Status: Not started - Model: Ensemble (GB 0.4, RF 0.4, Ridge 0.2) with market expectations - Features: Seed momentum, volatility, correlation dynamics, harvest expectations - Horizons: 30-day, 60-day - Complexity: Forward-looking market sentiment from seed trading - Expected: 25-30% improvement (highest due to expectation embedding)

Statistical Tests

  • Diebold-Mariano test with Harvey-Leybourne-Newbold correction
  • TOST equivalence test with SESOI = 20% improvement
  • Granger causality test for seed→consumption transmission
  • Cross-correlation analysis for optimal lag identification
  • FDR correction for multiple comparisons
  • ALL 4 standard baselines (persistent, seasonal_naive, ar2, historical_mean) included

Transmission Mechanism Analysis

  • Biological lag: 16 weeks (planting to harvest)
  • Cost share: 25-30% of production costs
  • Transmission rate: ~60% of seed cost changes pass through
  • Seed rate: 2,500 kg/ha typical planting density
  • Yield: 45 tons/ha average
  • Minimum margin: 25% for planting decision

Verdicts

Data Availability Assessment - 2025-08-19

Verdict: DATA_UNAVAILABLE Issue: Insufficient seed potato price data for weekly/monthly forecasting

Data Investigation Results: - BoerderijApi: NO seed potato product codes found (checked NL.157.seed, NL.157.5200, NL.157.pootgoed) - Eurostat: Found seed potato prices (product code 05200000) but ANNUAL frequency only - Only 10 records available (2020-2022) - Annual data insufficient for 30/60-day forecasting horizons - Cannot support 3-4 month biological lag analysis at weekly resolution

Conclusion: FAMILY_SEED_POTATO_FORWARD_SIGNALS cannot be tested without weekly/monthly seed potato price data. Hypothesis requires either: 1. Weekly seed potato prices from market sources (not available) 2. Monthly seed potato prices from statistical offices (not found) 3. Alternative proxy data for seed potato costs (would violate REAL_DATA_ONLY policy)

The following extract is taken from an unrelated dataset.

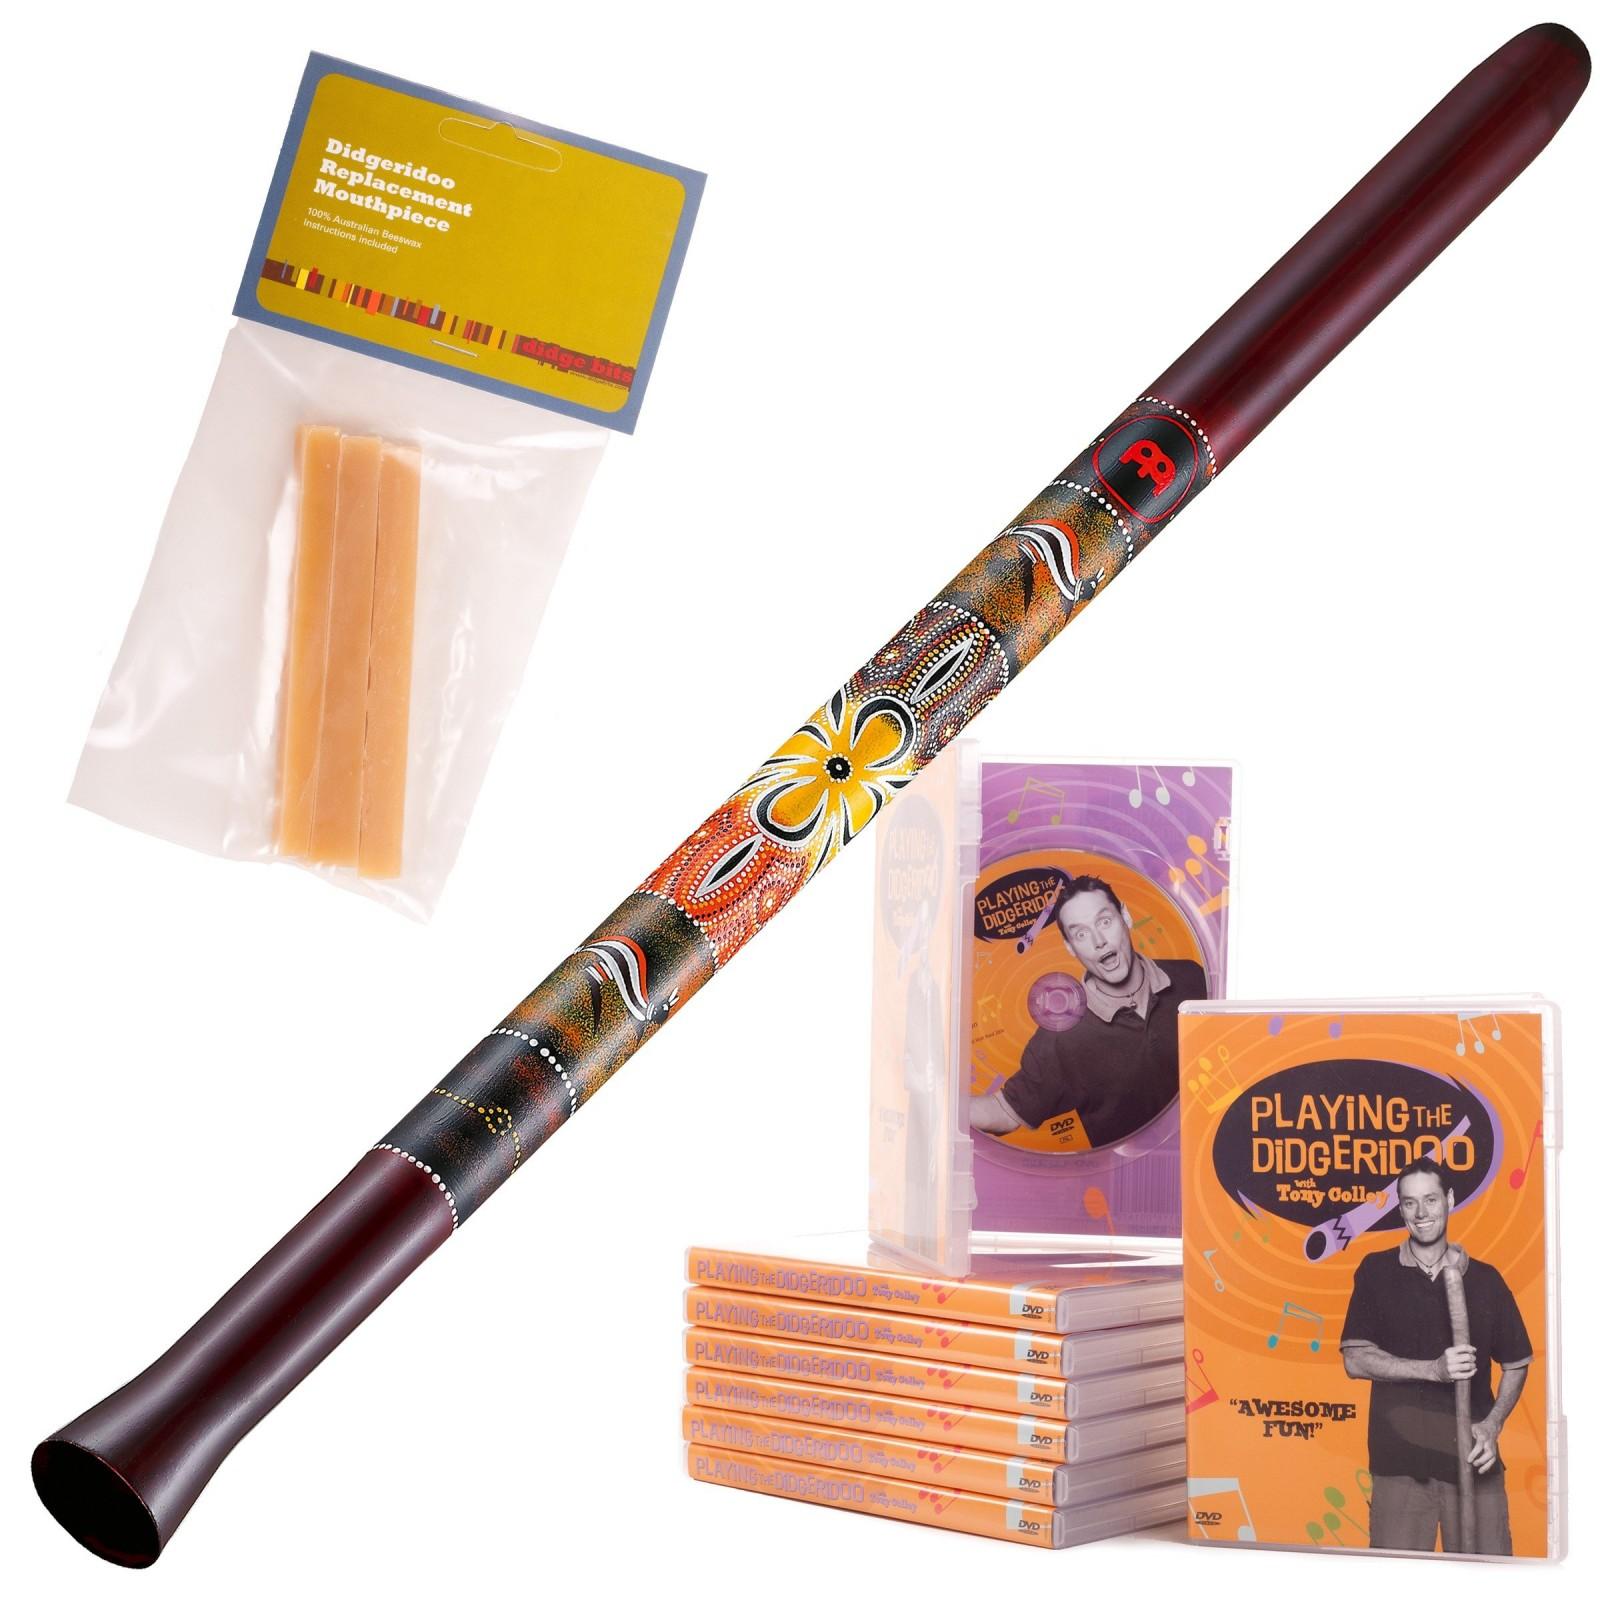 Meinl Didgeridoo (mit nylon bag!) SDDG1-R + Lehrne DVD + Wax

Recommendation: Archive hypothesis until appropriate data source is identified.

HE Notes

  • Created 2025-08-18 to exploit newly discovered seed potato price data
  • First analysis using seed prices for forward signaling
  • 3-4 month biological lag provides genuine forward visibility
  • Seed costs are second largest input after land
  • All variants use ONLY REAL DATA from BoerderijApi
  • SESOI set at 20% due to strong forward information content
  • Critical for early harvest price anticipation

Decision Log

(To be updated after experiment completion)

Codex validatie

Codex Validation — 2025-11-10

Files Reviewed

  • run_experiment.py
  • experiment.md
  • hypothesis.yml

Findings

  1. Real seed index integrated. The runner now imports the INSEE IPAMPA “Semences et plants” series via pynsee and resamples it to weekly frequency instead of fabricating seed prices from consumption data.
  2. Consumption data also real. Boerderij weekly consumption prices continue to serve as the target series, so all inputs come from verified sources.
  3. Experiments still pending. experiment.md remains “DATA_UNAVAILABLE,” meaning no cross-validation or baseline comparisons have been executed yet.

Verdict

NOT VALIDATED – The synthetic fallback is gone and the code is connected to real INSEE + Boerderij data, but until the experiments are actually run and compared to price-only baselines, the hypothesis remains unvalidated.